## Problem to solve
Take the lines from the one with "Composition Mix 8 はじマル！6 - page15" to the end of the listing, both ends included, and quote them exactly, leaving pictures out.

## Dataset excerpt
···
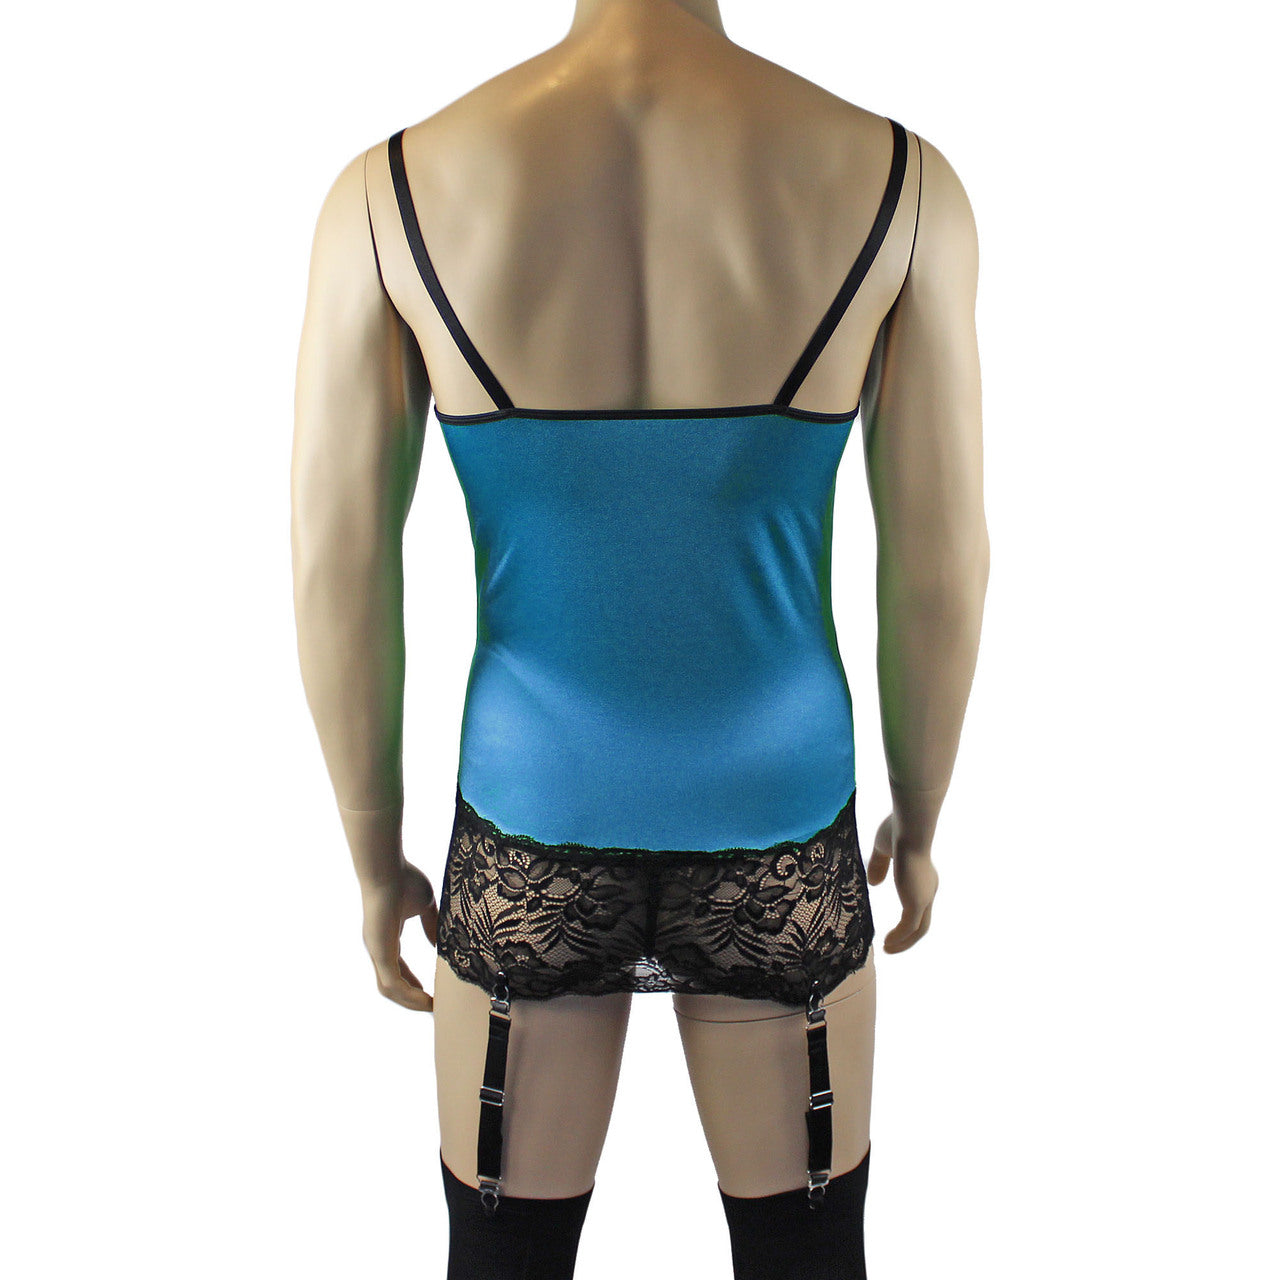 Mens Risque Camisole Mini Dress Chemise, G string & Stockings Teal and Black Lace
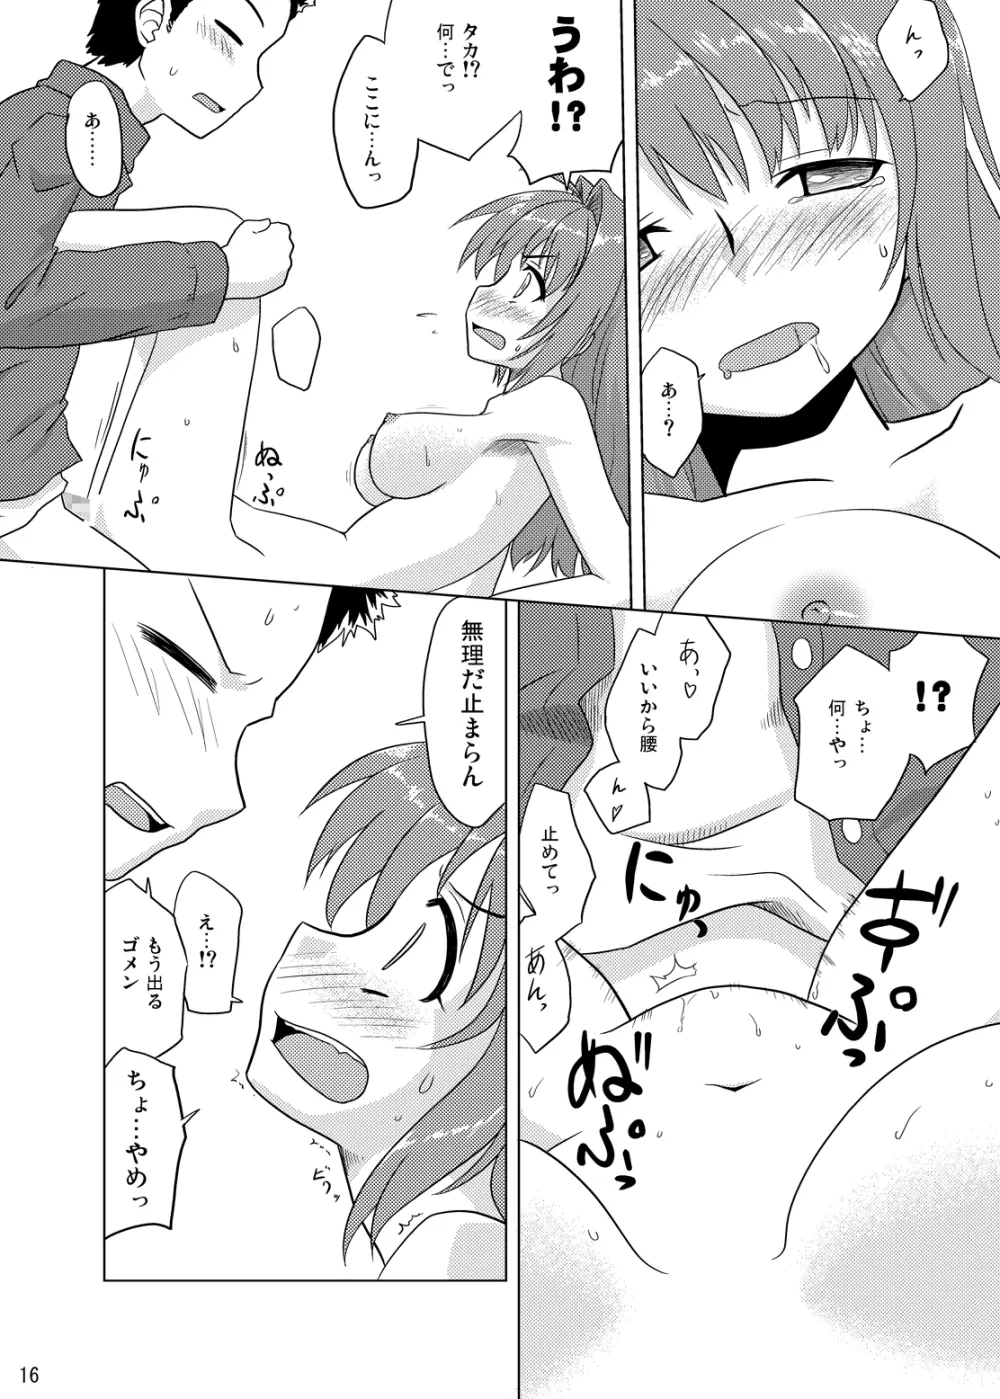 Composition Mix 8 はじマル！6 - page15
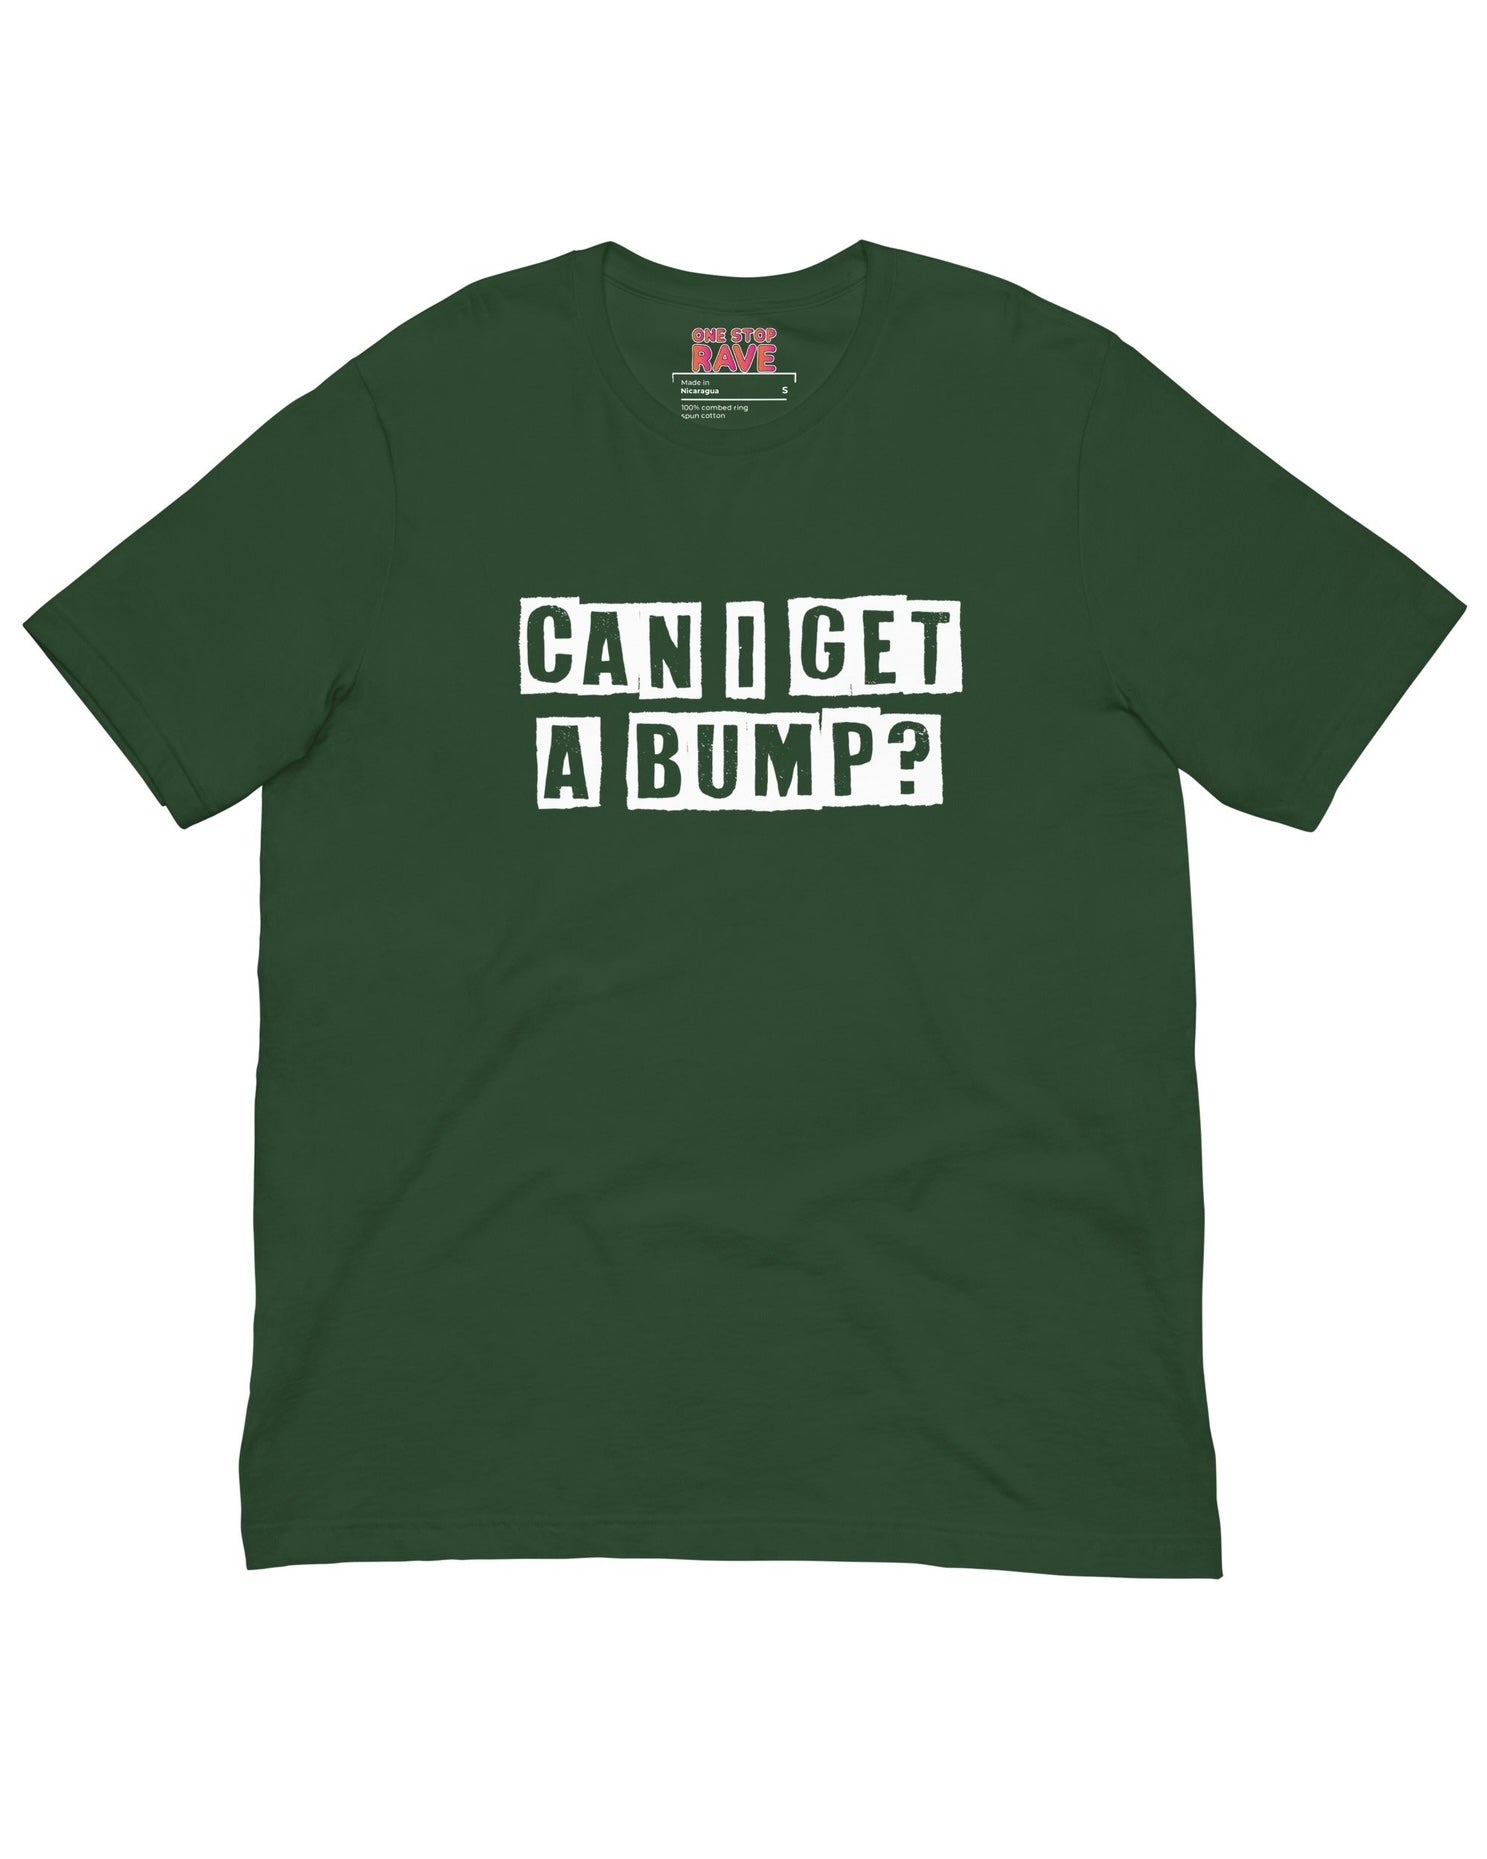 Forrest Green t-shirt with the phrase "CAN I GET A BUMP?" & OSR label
···
## Solved exercise
 Composition Mix 8 はじマル！6 - page15
 Forrest Green t-shirt with the phrase "CAN I GET A BUMP?" & OSR label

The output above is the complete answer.